Sparks: Increase in racism during World Cup reflects ‘growing pattern of abuse’
The spectators in the grandstand maintain a most exquisite devotion to the national colours until the young man on the pitch fails to provide them with a trophy, at which point the pack remembers its preference for blood.
These men carry the flag of their country across the field until they stumble, and then the crowd forgets the sweat of their brow and the strength of their limbs to treat them like strangers in their own house.
If a nation claims the glory of a man’s victory as its own, yet casts his personage aside in the hour of his defeat, it proves itself a house divided against the very principles it pretends to defend.
You write of a sporting spirit that unites the world, yet I observe that the men who provide the entertainment are granted a citizenship that expires the moment they miss a goal.
Thousands of people gather to watch twenty-two men kick a ball, and when the ball does not enter the net, they believe this gives them the right to reveal the violence they usually hide behind their hats.
It is quite logical to assume that the trajectory of a leather sphere determines whether a man is a national hero or a biological error, provided one ignores the fundamental nature of both men and spheres.
The record shows that the malice directed at these athletes follows a strict schedule of public failure, proving that the abuse is not an outburst of passion but a calculated reassertion of the old hierarchy.

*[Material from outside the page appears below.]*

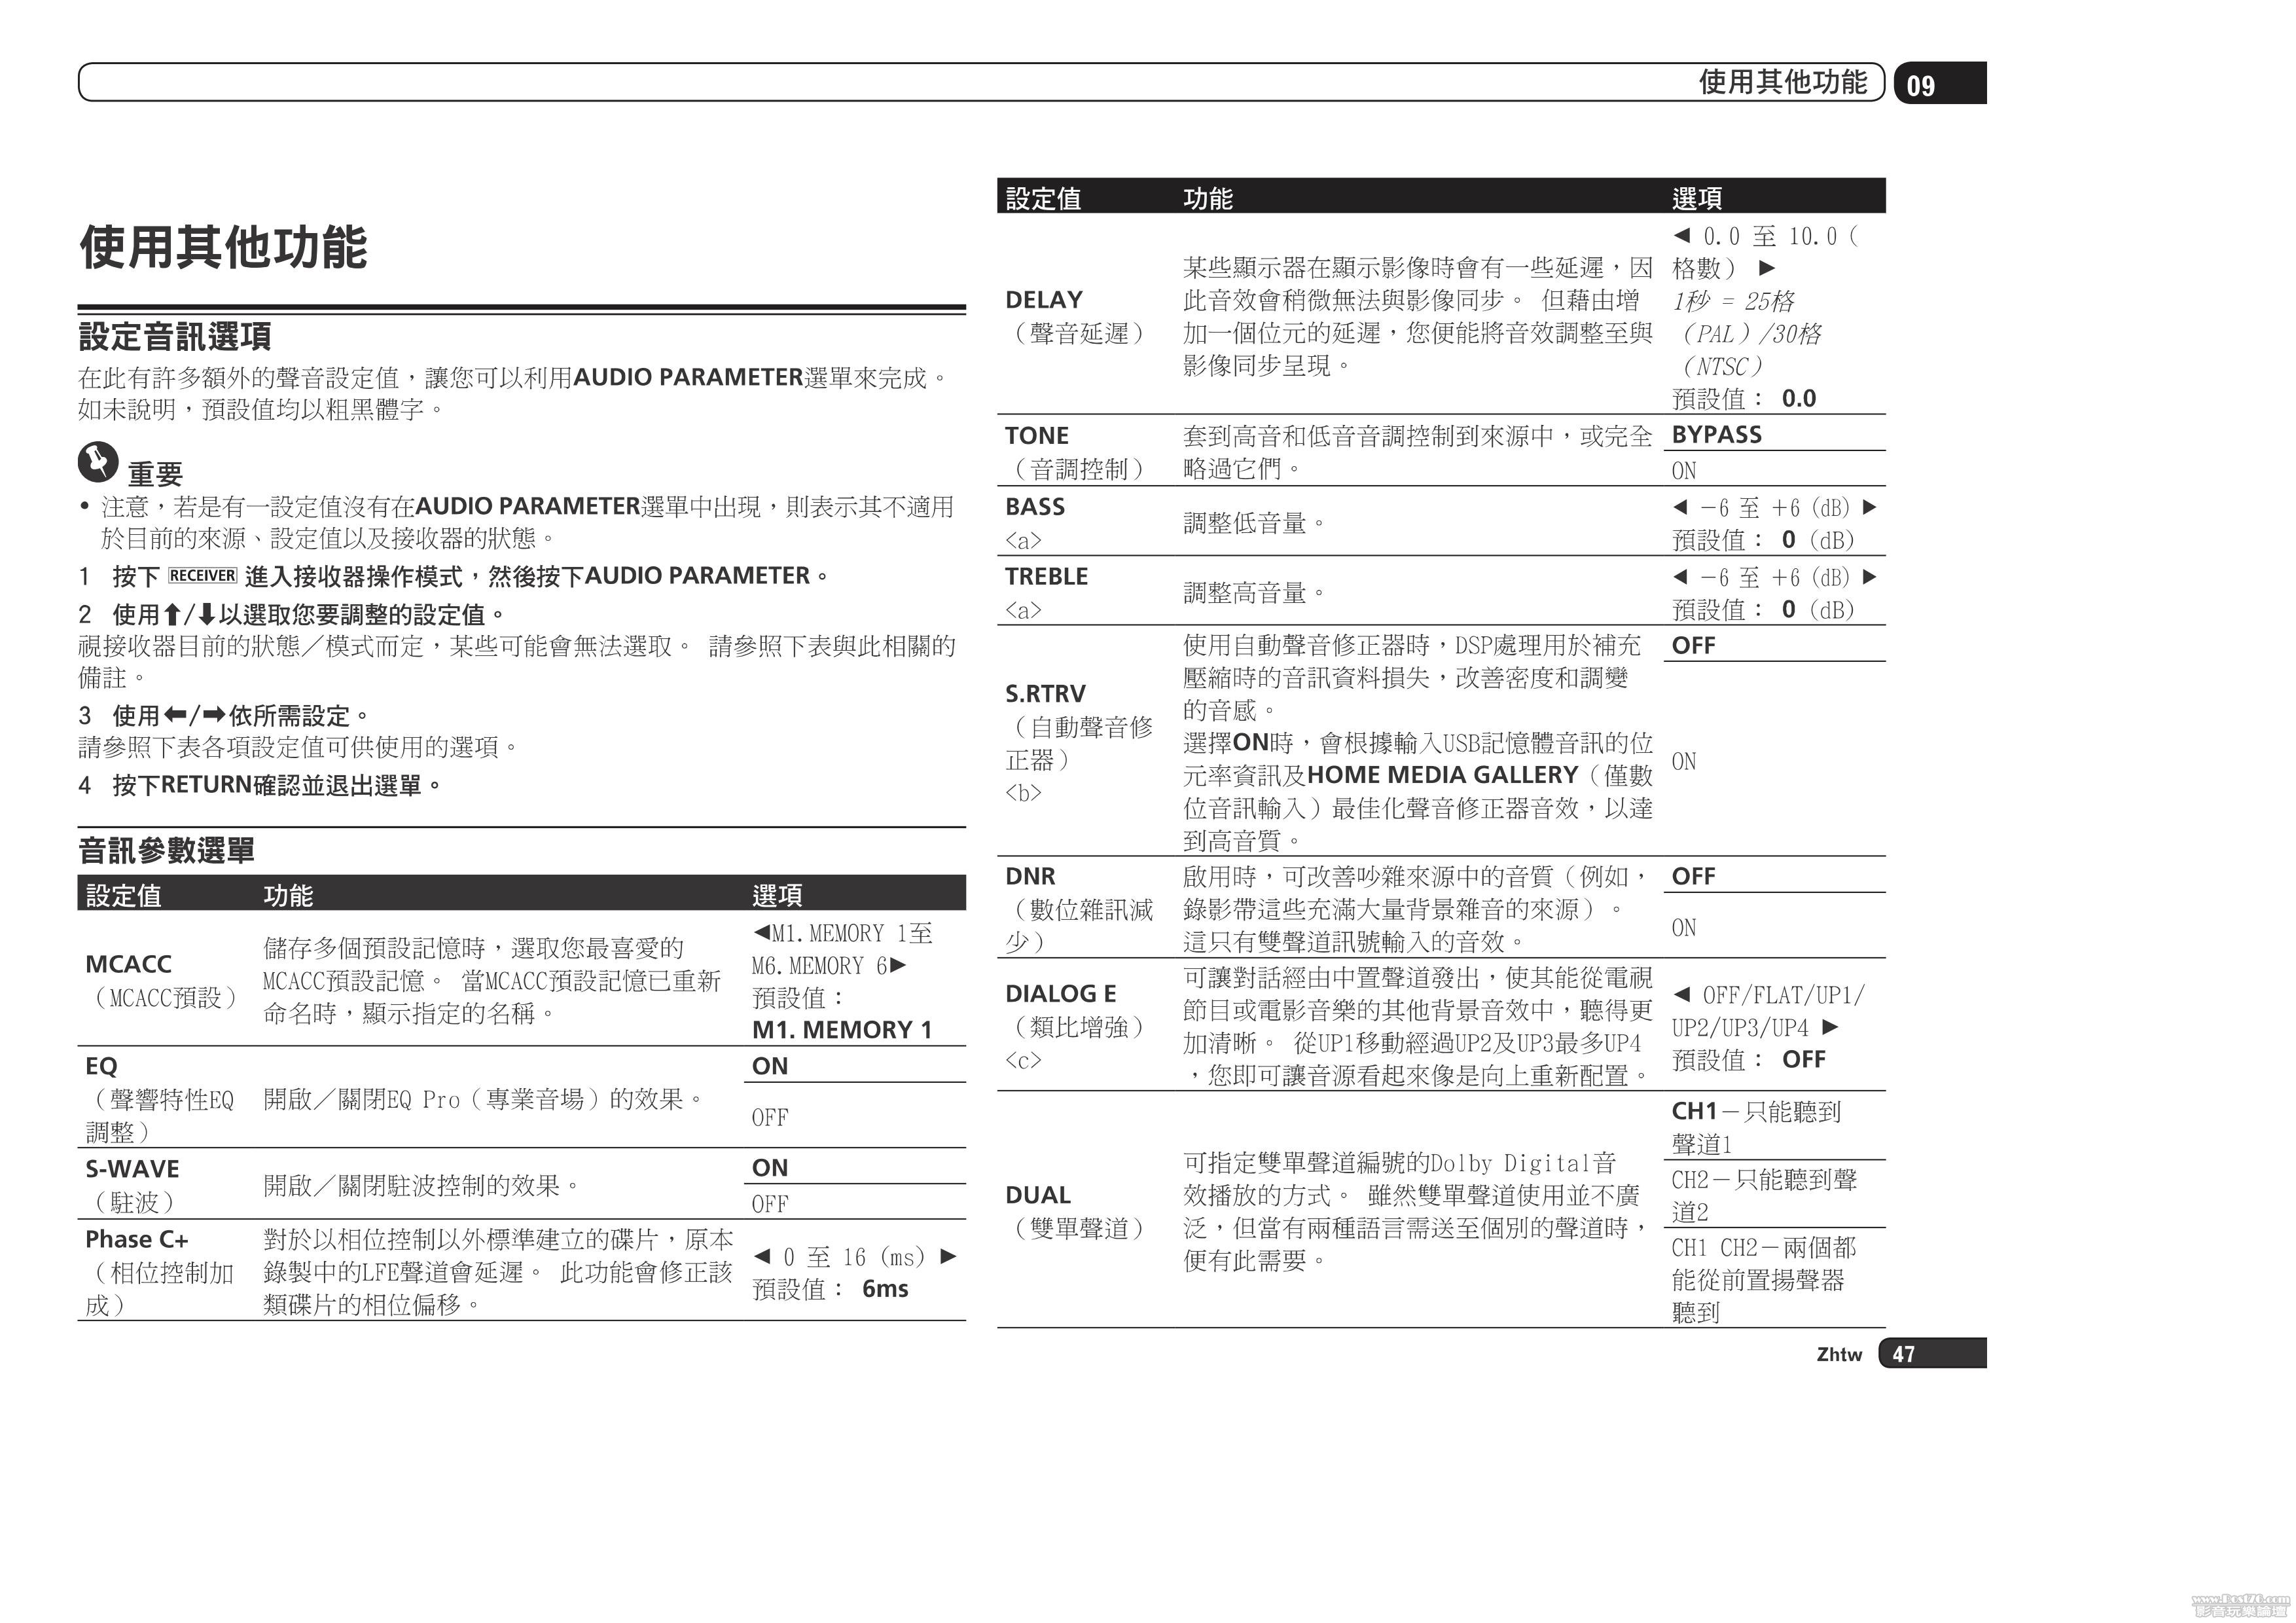 VSX-LX55 Chinese User Manual4748_01.jpg

Does the crowd hate the man because he is different, or do they only find his difference offensive when he fails to provide them with the pleasure of a win?
A man is a brother and a countryman as long as he is running toward the goal, but he becomes a foreigner the minute he stops to catch his breath.
We seek diversion in the stadium to avoid the silence of our own souls, only to find that even in our games, we cannot escape the wretchedness of our own pride.
From the middle of the screaming crowd, the roar of the game sounds less like sport and more like a hunt where the prey is anyone who dares to lose while wearing the wrong face.
They want the man to lead them to the promised land of victory, but they are ready to turn their guns on him the moment the path gets dark and the way gets hard.
There is a fence around the idea of sportsmanship that the modern world is eager to tear down, forgetting that the fence was built to keep the beast of the mob from devouring the players.